30th President of the Labour Party
- In office November 1995 – 5 January 1999
- Vice President: Terry Scott
- Leader: Helen Clark
- Preceded by: Maryan Street
- Succeeded by: Bob Harvey

Personal details
- Born: 27 October 1944 Wellington, New Zealand
- Died: 5 January 1999 (aged 54) Raumati, New Zealand
- Party: Labour
- Spouse: Vivien Flack
- Children: 3

= Michael Hirschfeld =

New Zealand businessman and politician (1944–1999)

Michael Avigdor Hirschfeld (27 October 1944 – 5 January 1999) was a New Zealand businessman, and was President of the New Zealand Labour Party from 1995 to 1999.

==Biography==
===Early life and career===
He was born in Wellington; his parents had arrived from Palestine in 1940. His father Sigi Hirschfeld started the firm of Mico Wakefield, a plumbing, stainless steel and aluminium supply business.

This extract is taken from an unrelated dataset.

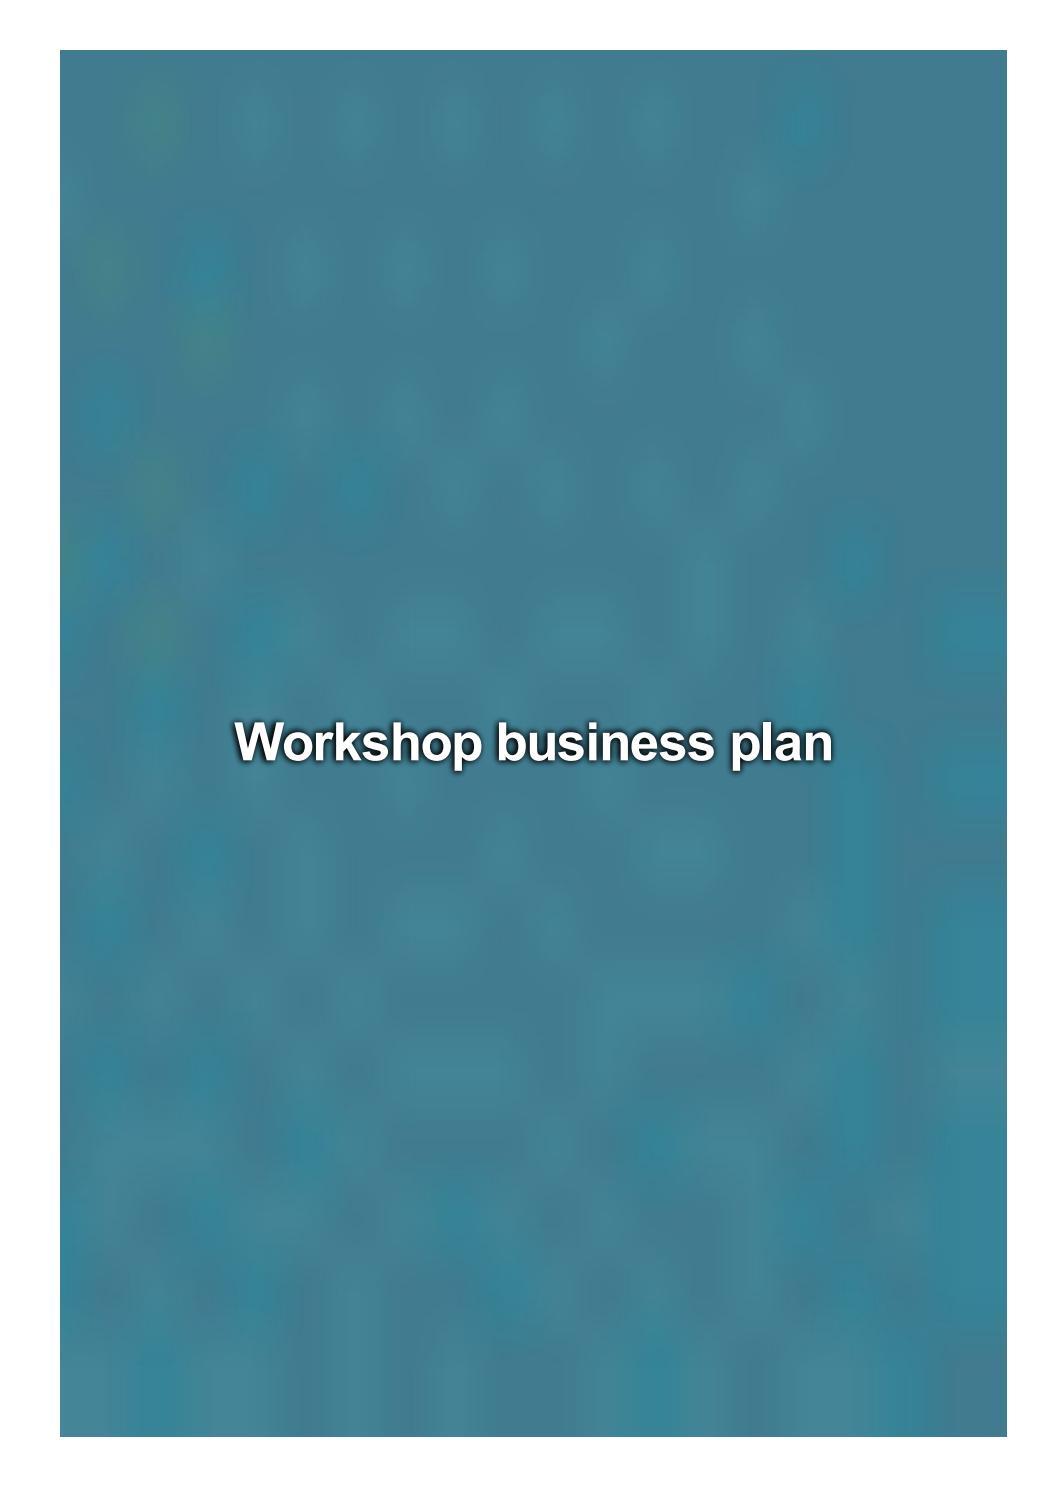 visual business plan workshop

His grandparents were Austrian, and he was a 'secular Jew' and agnostic. He was initially educated in England before returning and attending Wellington College and Victoria University of Wellington, where he was active in the anti-Vietnam War movement. In his youth he had hopes of becoming a full-time actor. He then gained a master's degree at Victoria University. At university he was active in student politics and rose to become vice-president of the New Zealand University Students' Association, spearheading campaigns against New Zealand's involvement in the Vietnam conflict. Hirschfeld wrote his thesis for his degree on the performance of the second Labour government, but was unpublished. He conducted interviews with several cabinet ministers, including Sir Arnold Nordmeyer, and provided transcripts of the interviews as appendices.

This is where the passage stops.